Curve Fitting

Curve Fitting#

Teng-Jui Lin

Content adapted from UW CHEME 375, Chemical Engineering Computer Skills, in Spring 2021.

Python skills and numerical methods
- curve fitting by scipy.optimize.curve_fit()
- minimizing least squared residual byscipy.optimize.minimize()
ChemE applications
- Curve fitting of data
- Clausius-Clapeyron equation

Fitting the Clausius-Clapeyron equation#

Problem Statement. Fit a curve according to the Clausius-Clapeyron equation for the temperature series

[80, 100, 120, 140, 160, 180, 200, 220, 240, 260, 280]
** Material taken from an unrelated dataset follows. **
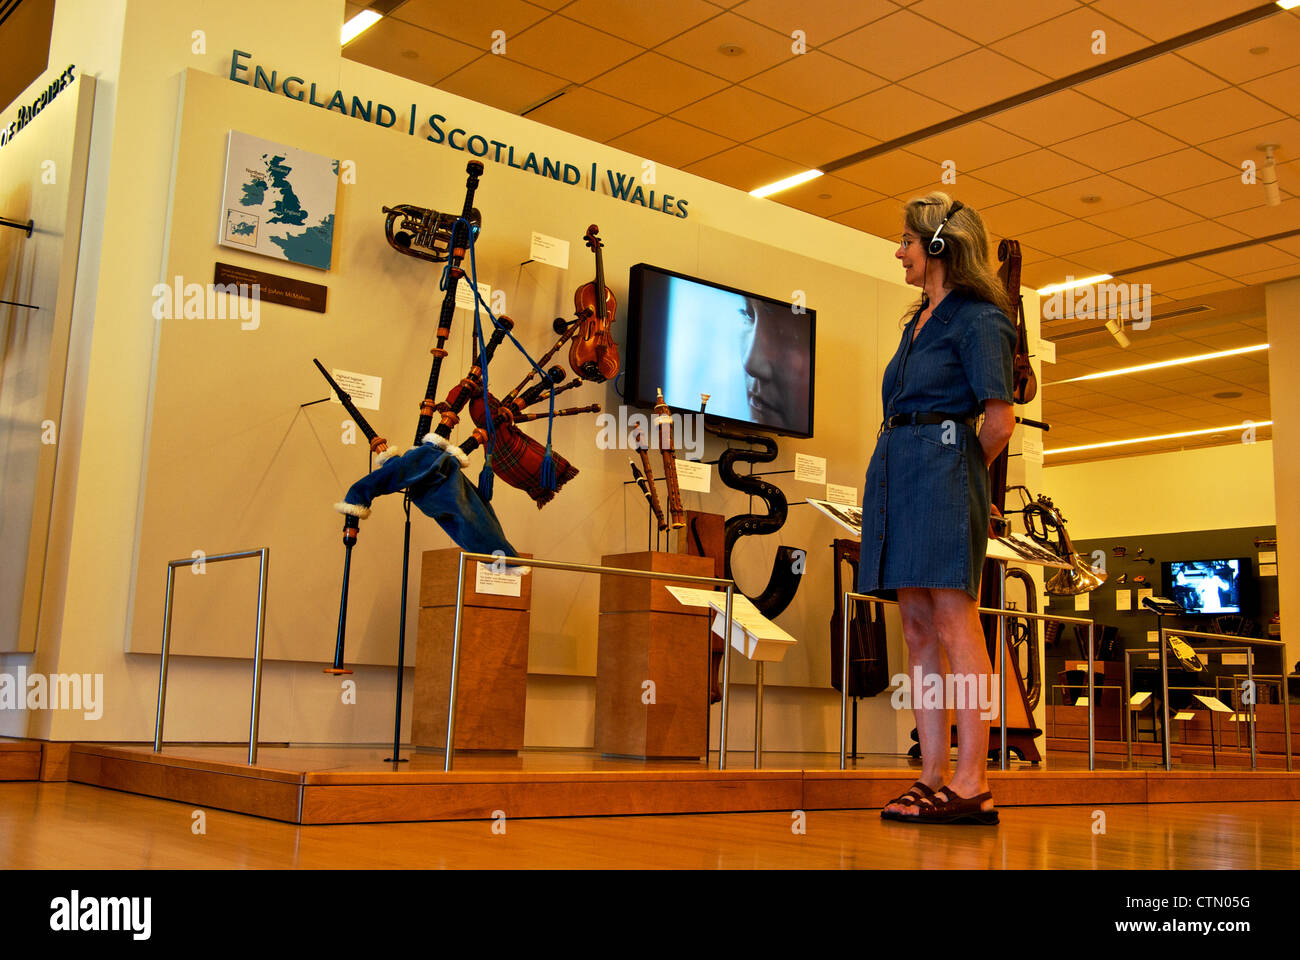 Woman examining England Scotland Wales bagpipe display Musical Instrument Museum Scottsdale AZ Stock Photo

with units of K, and the vapor pressure series

[4.98e-02, 1.22e+01, 3.65e+02, 4.02e+03, 2.43e+04, 6.62e+04, 1.47e+05, 2.68e+05, 8.91e+05, 9.85e+05, 1.62e+06]

with units of Pa.

Solution. One form of the Clausius-Clapeyron equation is given by

\ln P^{*} = - \frac{Δ H_{vap}}{R T} + B,

where $P^{*}$ is the vapor pressure, $Δ H_{vap}$ is the heat of vaporization, $T$ is the absolute temperature, $R$ is the ideal gas constant, and $B$ is a constant.

Given $P^{*}$ and $T$ datasets, we can fit the Clausius-Clapeyron equation by recognizing that

\ln P^{*} = \frac{A}{T} + B,

where $A = - \frac{Δ H_{vap}}{R}$ , is a linear equation of $\ln P^{*}$ and $\frac{1}{T}$ .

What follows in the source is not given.